From the entries below, print exactly the span beginning with the line holding "the full set" and ending with the line holding "Snickers Ghoulish Green", endpoints included, and skip any pictures.

● THE INPUT:
<<<<

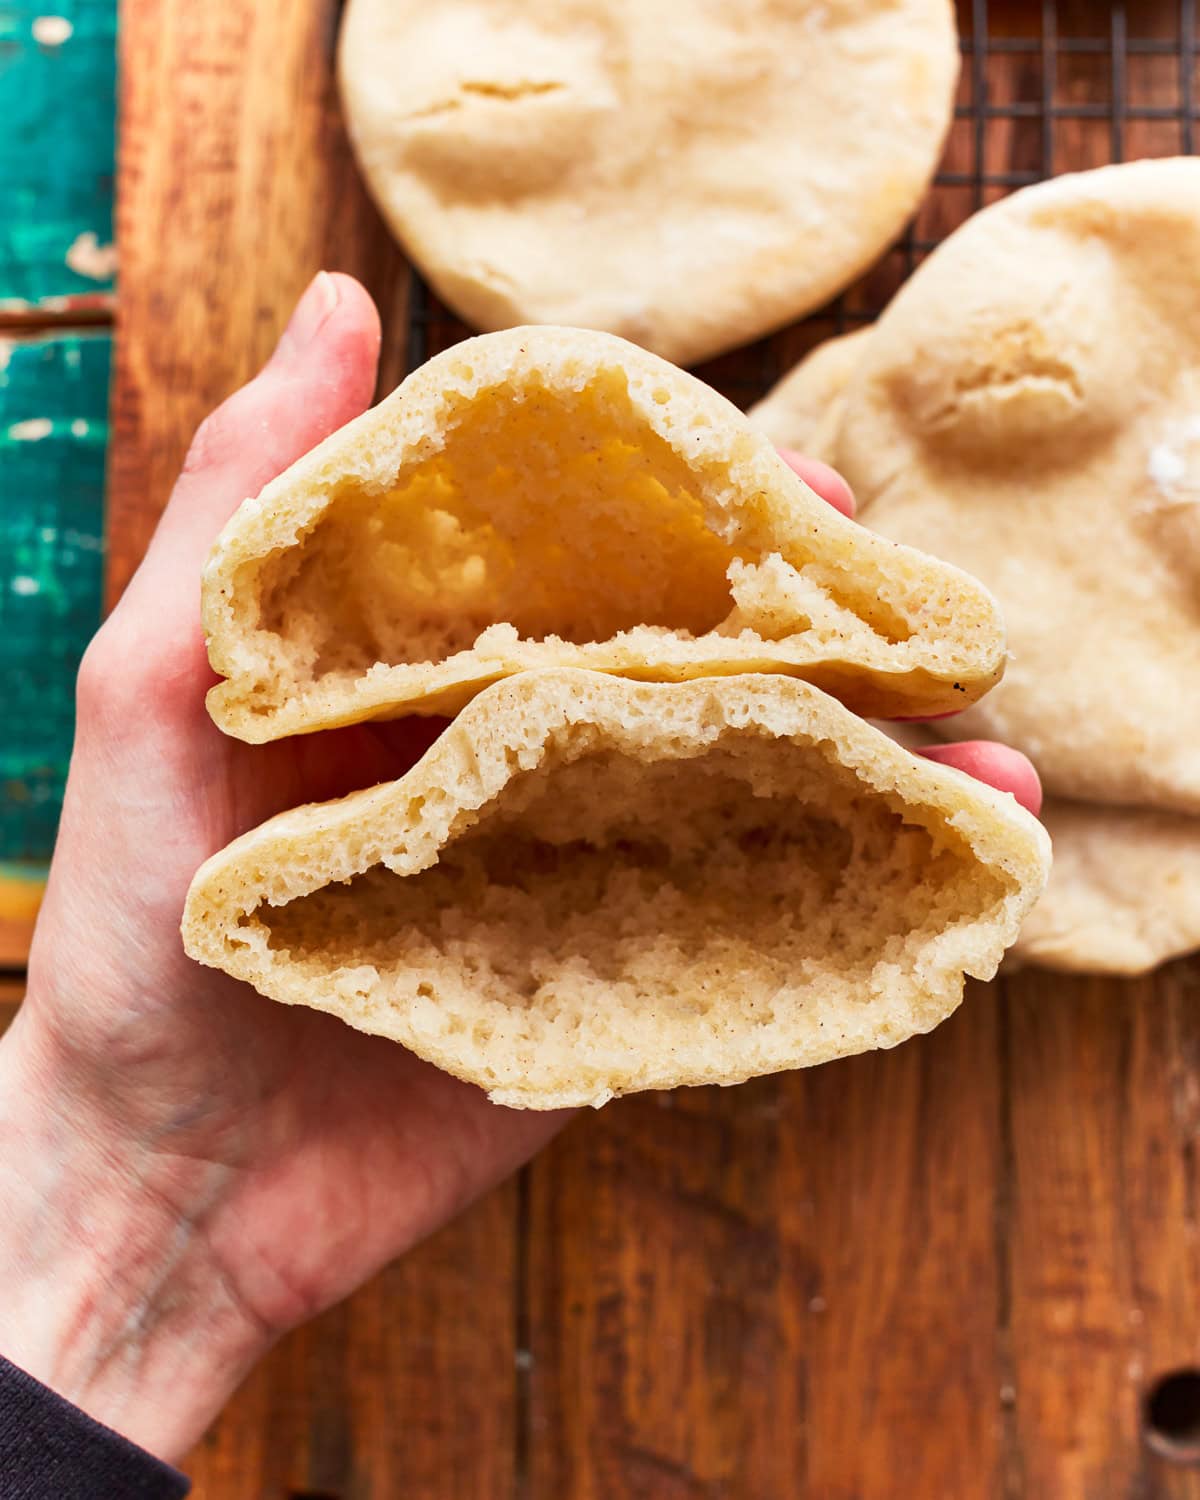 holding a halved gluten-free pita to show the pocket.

>>>>
<<<<

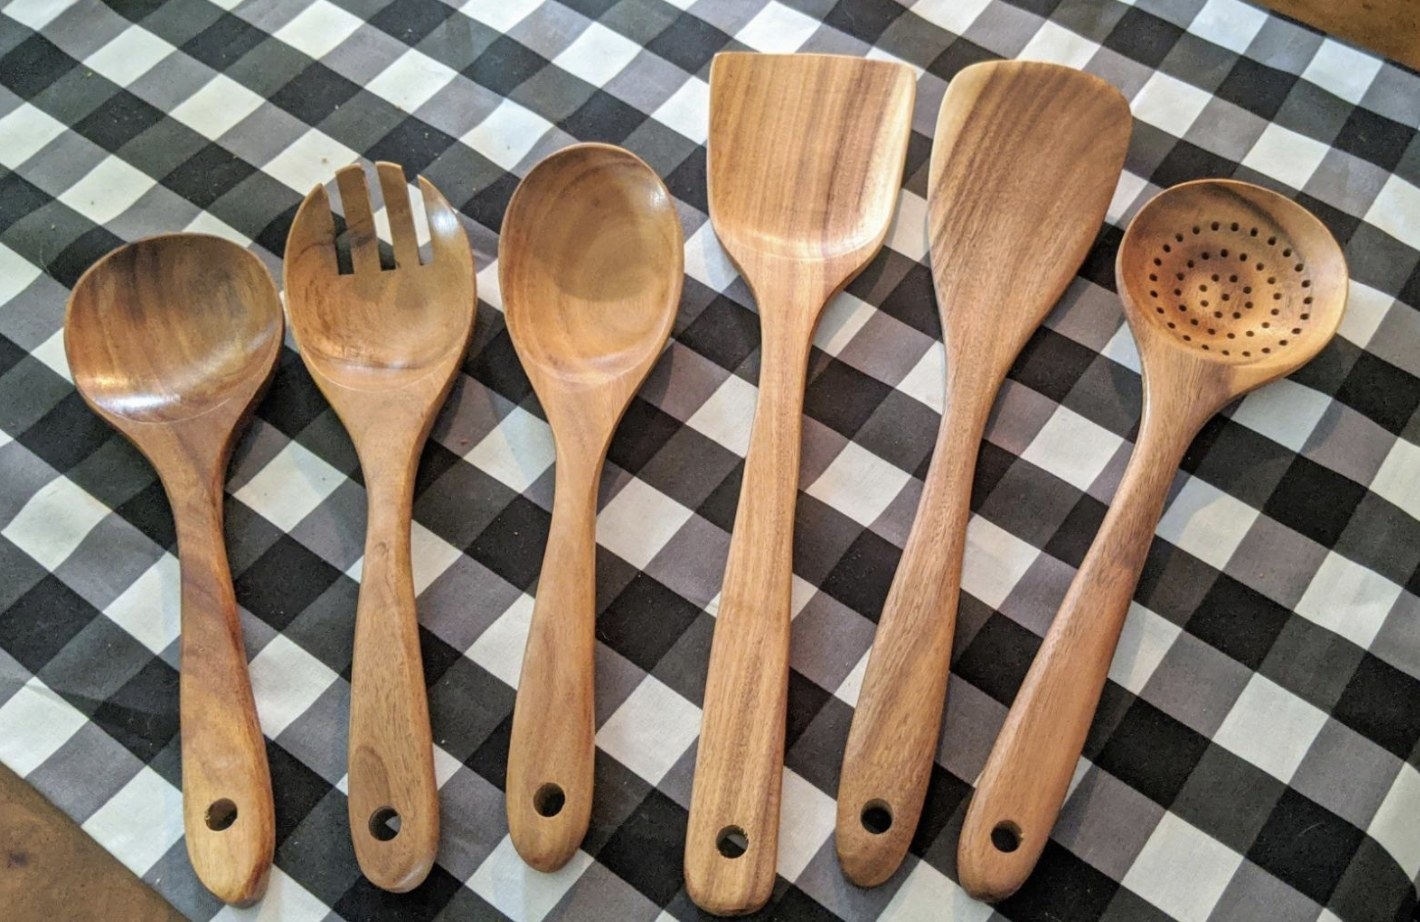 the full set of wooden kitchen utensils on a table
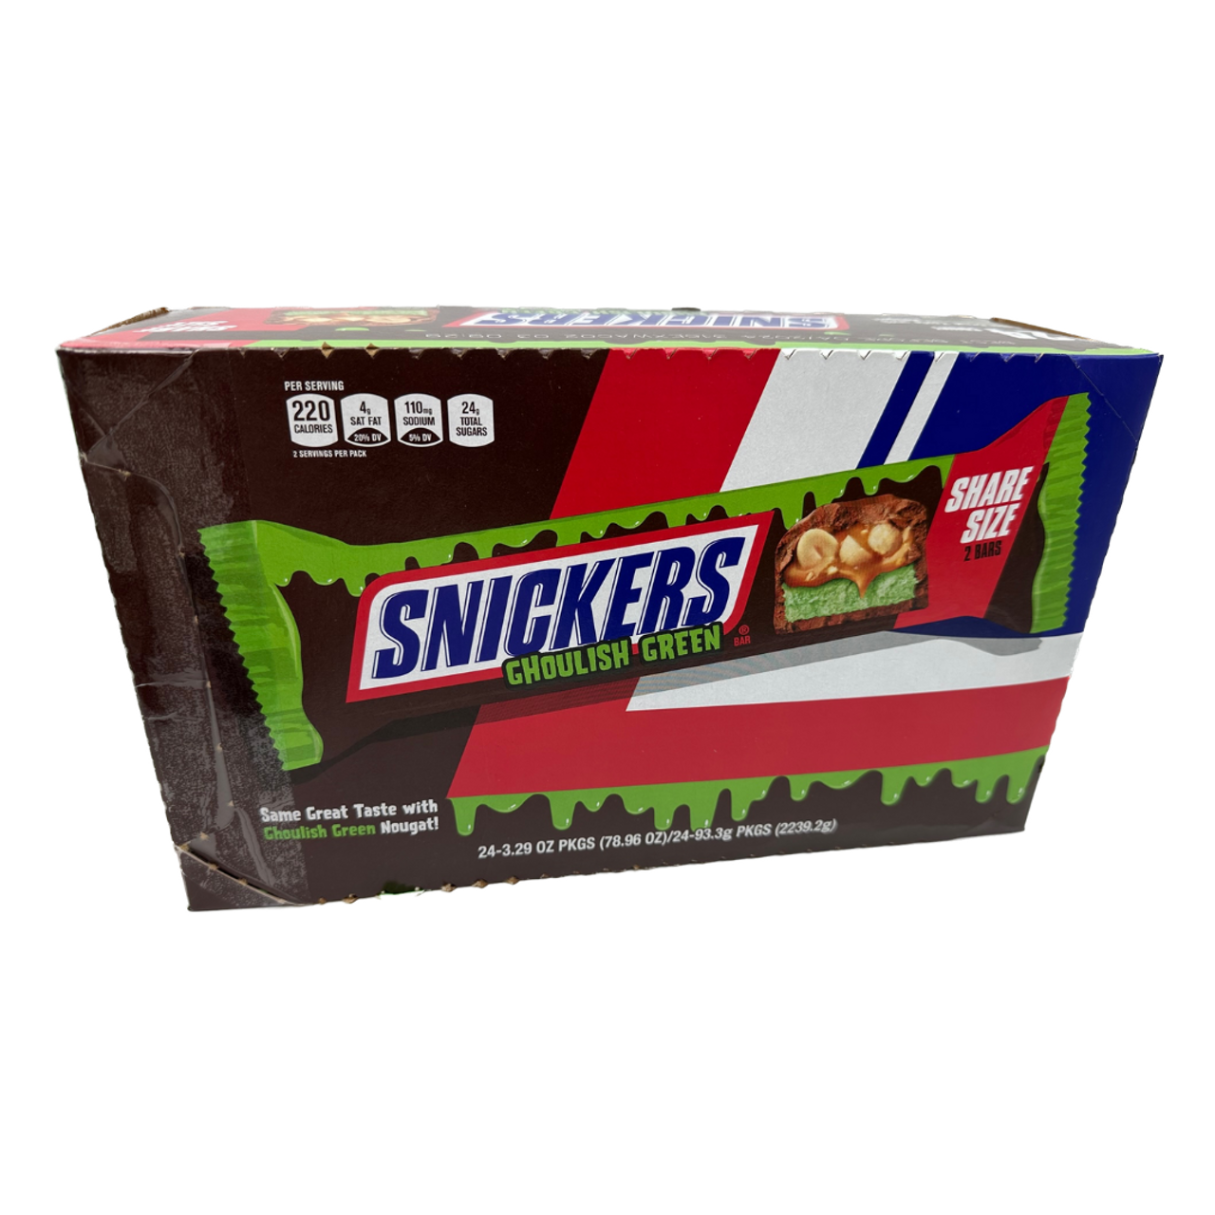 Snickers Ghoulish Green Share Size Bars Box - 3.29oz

>>>>

● YOUR RESPONSE:
 the full set of wooden kitchen utensils on a table
 Snickers Ghoulish Green Share Size Bars Box - 3.29oz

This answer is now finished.